On Sunday I got a surprise visit from my oldest friend, Sarah P. (In elementary school she was Sarah P and I was Sarah Z, although now we are both Sarah W). We had a great time catching up and getting to know each other again. She lives in Beijing with her husband and 4 kids - so exotic. She reminded me exactly of an adult version of her as a child. Not sure what that means, but her voice and look and mannerisms were just so familiar.


Yesterday in the mail I got (I mean Huck got) this amazing present from Aunt Annee - two beautiful handmade blankets. I am in awe at the handiwork and aesthetic and generosity of time and talent. Almost makes me wish I had a nursery to set up and decorate where such a beautiful quilt could hang on display on the wall. And the yellow one with Huck spelled out in flames is the perfect way to assuage any lingering angst about his name. Thank you thank you thank you.

4 comments:

Ie Li said...

Those quilts are beautiful. I'm so glad you've had help. Do you know when you'll bless him?

Bethany said...

He's a beautiful baby with a great name!

I hate that question, too.
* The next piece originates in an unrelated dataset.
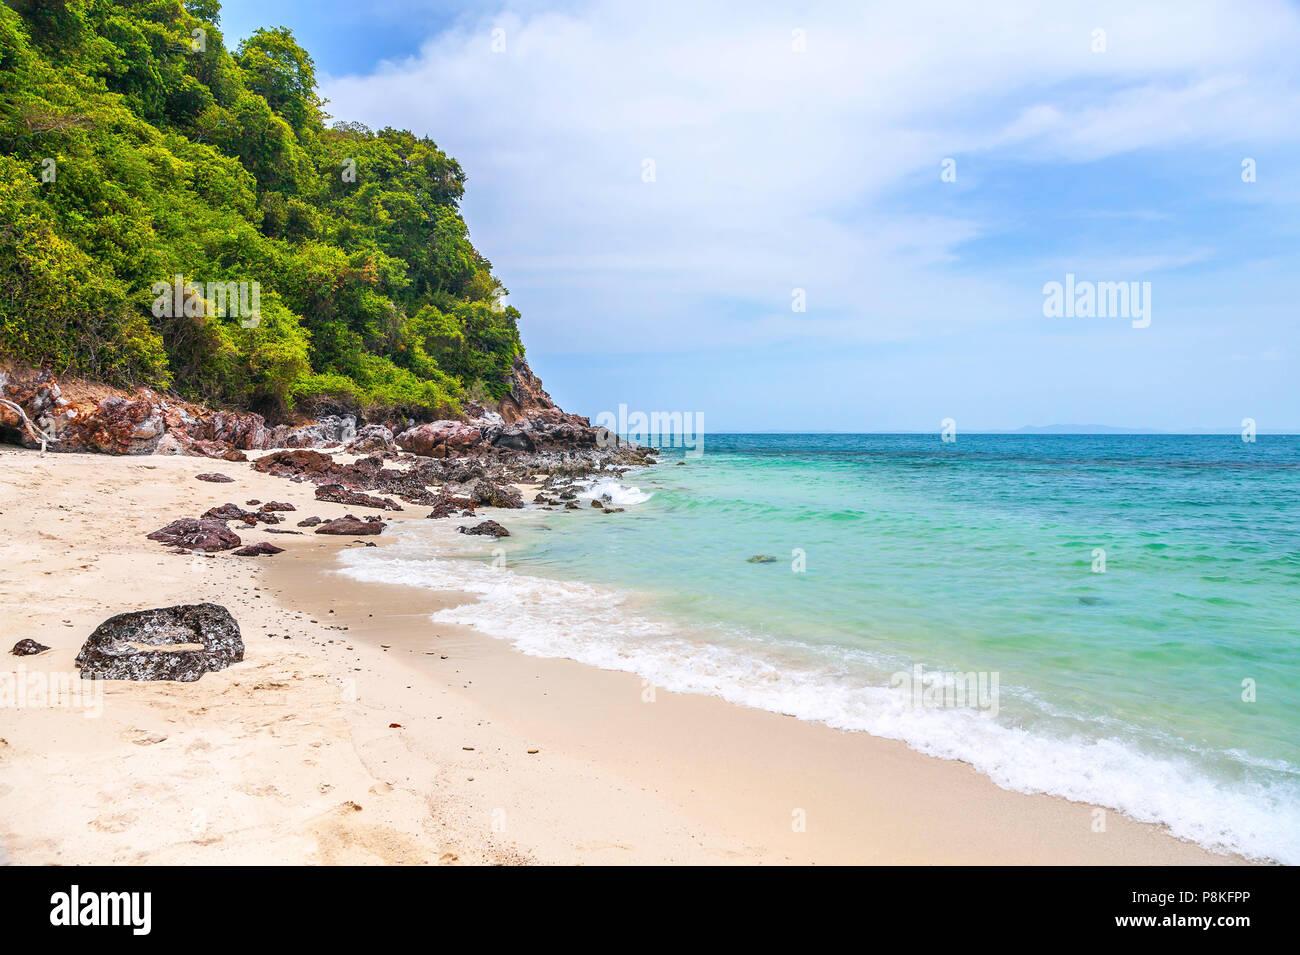 Hermosa playa en Tailandia. Imagen De Stock

I once read in a book somewhere that it's good for kids to feel bored and that our society (we parents are included in that, too) has overstimulated our kids to the point of hurting them.

Now, whenever my kids complain about being bored I have them wipe down a bathroom, toilet included. That has at least curtailed the demanding (sometimes very whiny) questions.
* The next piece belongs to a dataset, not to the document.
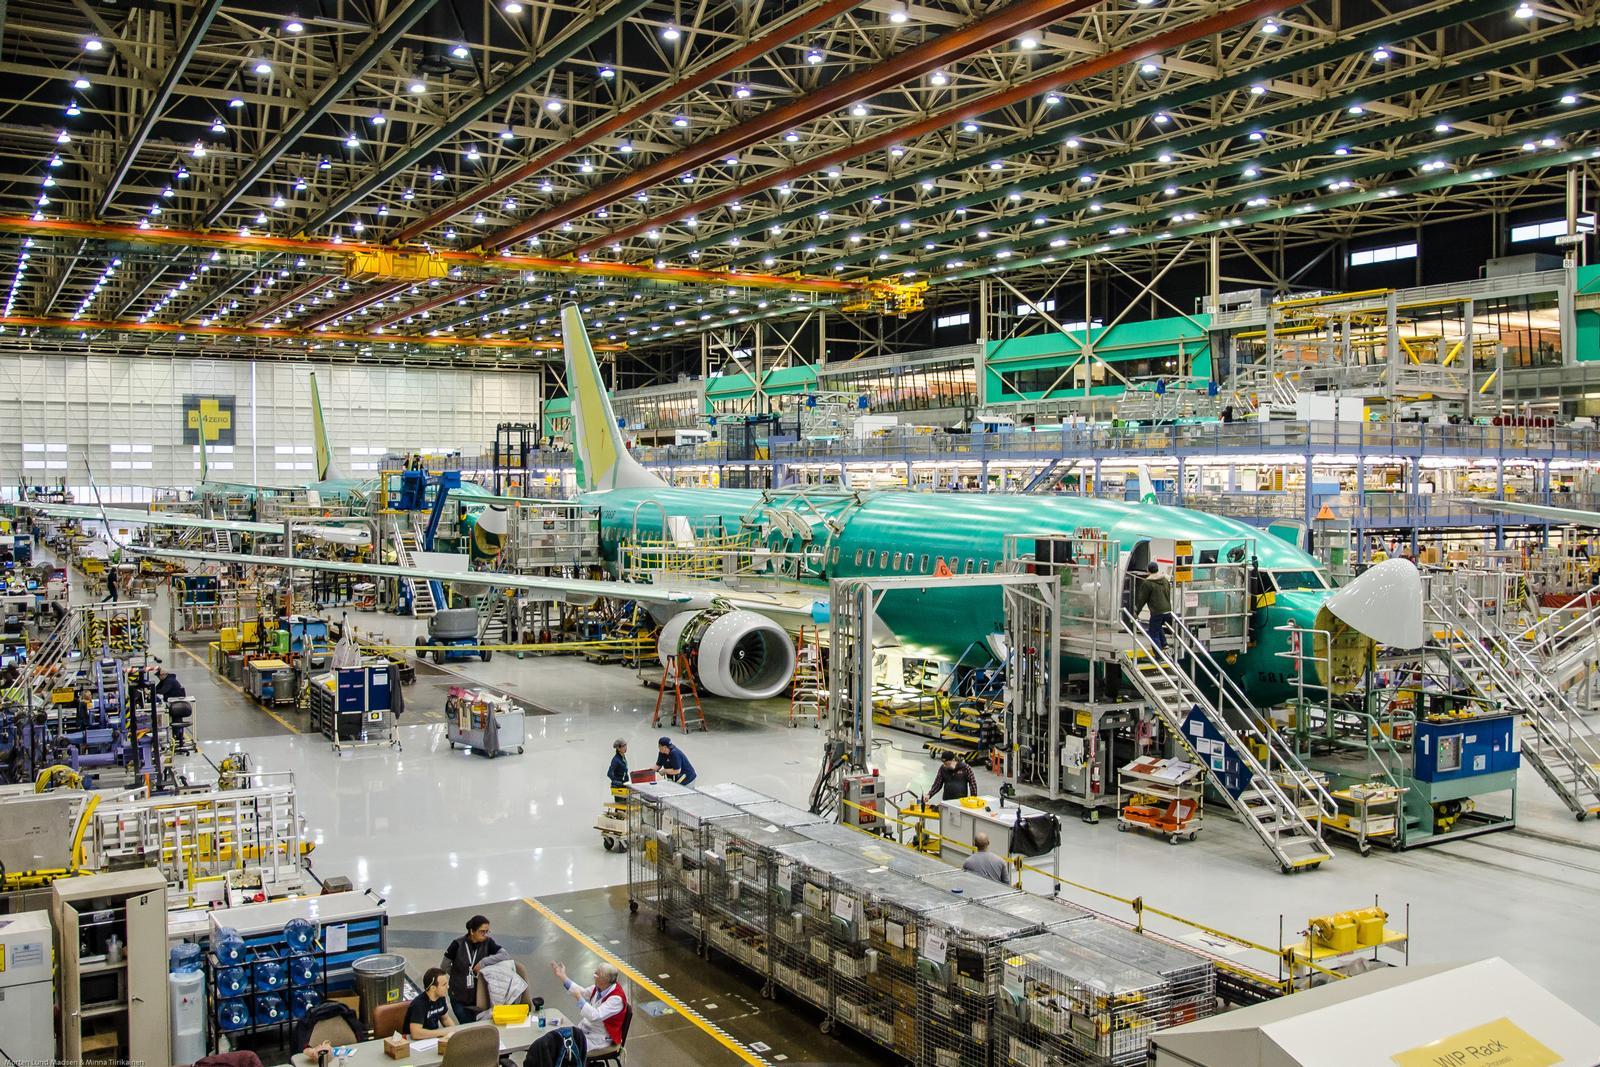 Boeing Rention Factory, hvor 737 produceres. (Arkivfoto: Morten Lund Tiirikainen)

Oh, and by-the-way, you do so many amazing, high energy things with your kids that I'd feel the same way about school being a welcome break. Enjoy!

Annee said...

I'm so glad you like the blankets. Of course it was my pleasure making them for little Huck. I wish I could be there. I'm going to miss his whole babyhood, and that's making me feel really sad.
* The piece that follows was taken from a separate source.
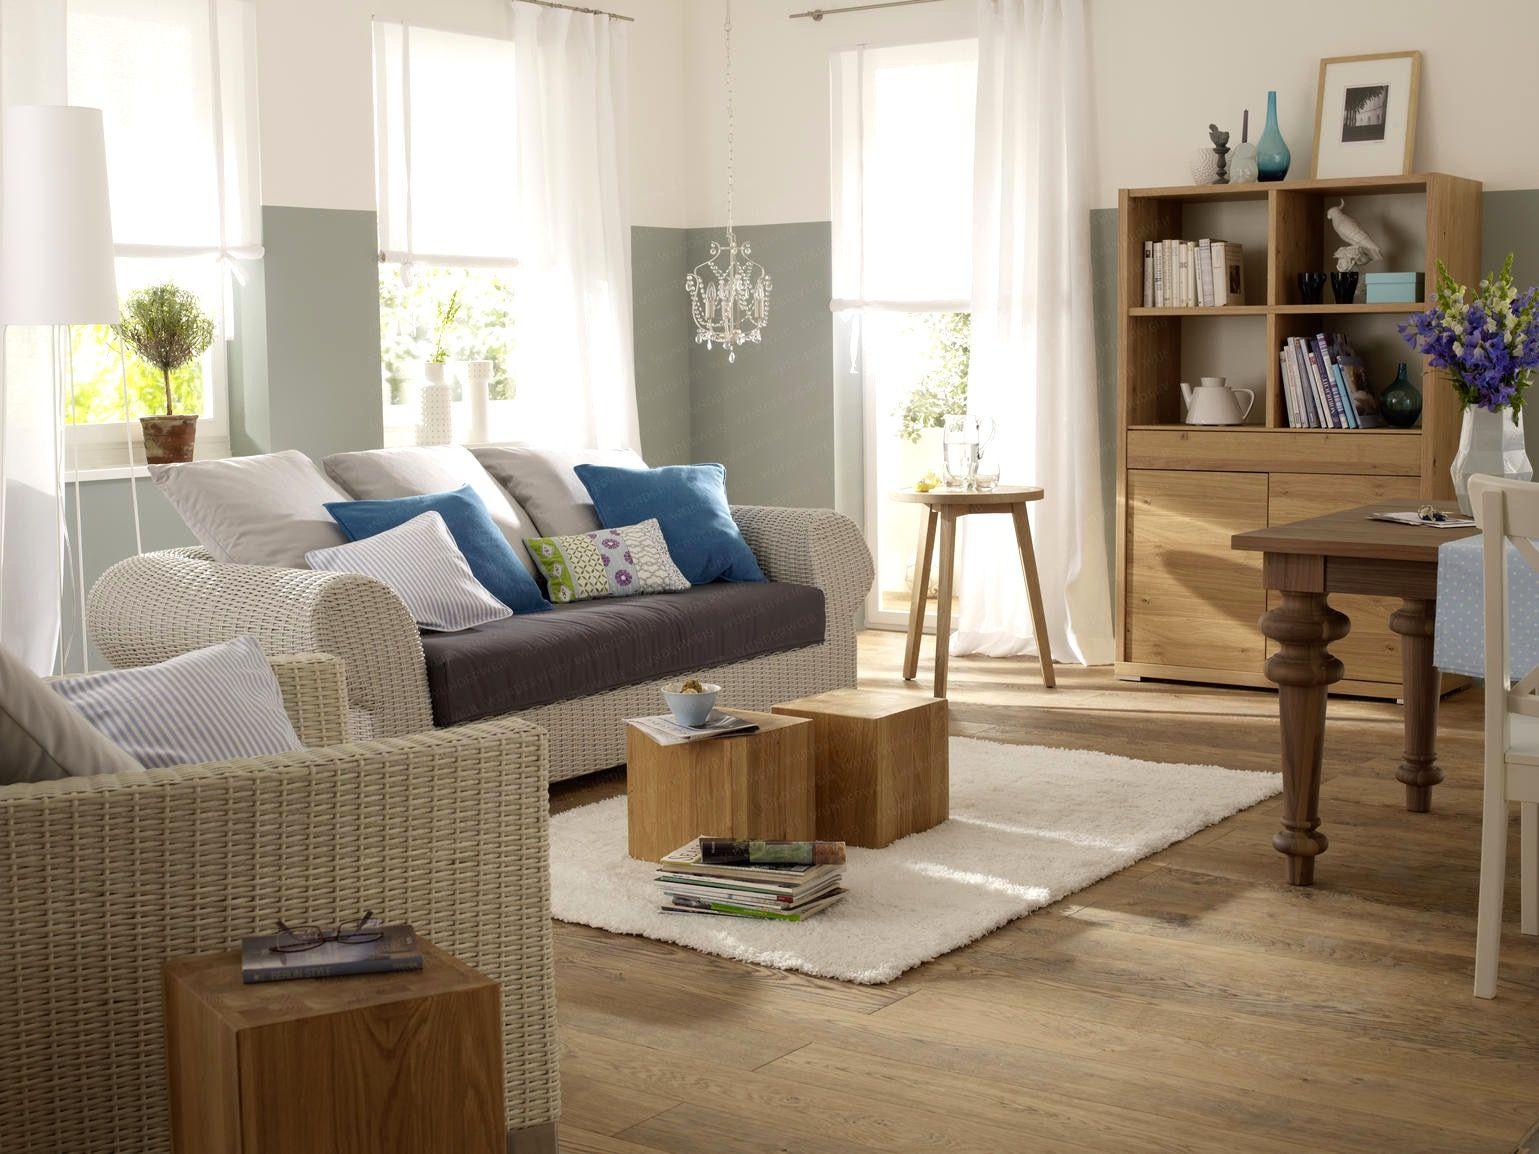 Wohnzimmer Fotos ~ Wohnzimmer nobel ungereit badezimmer neu gestalten house

I think the title of my next introspective piece is going to be:

Guilt, What Are You Good For?

I think the answer is nothing. You're doing a great job. Summer is long and boring, and all kids waste too much time doing nothing. If we were super heroes of course, they wouldn't waste a moment. They'd be all busy in worthy causes.

I'm over it. You should be too.

Julie said...

So cute and sweet! I am so happy you are adjusting and getting back into the swing of things...We should get together soon!!! LOVE the blankets Annee made...so thoughtful!!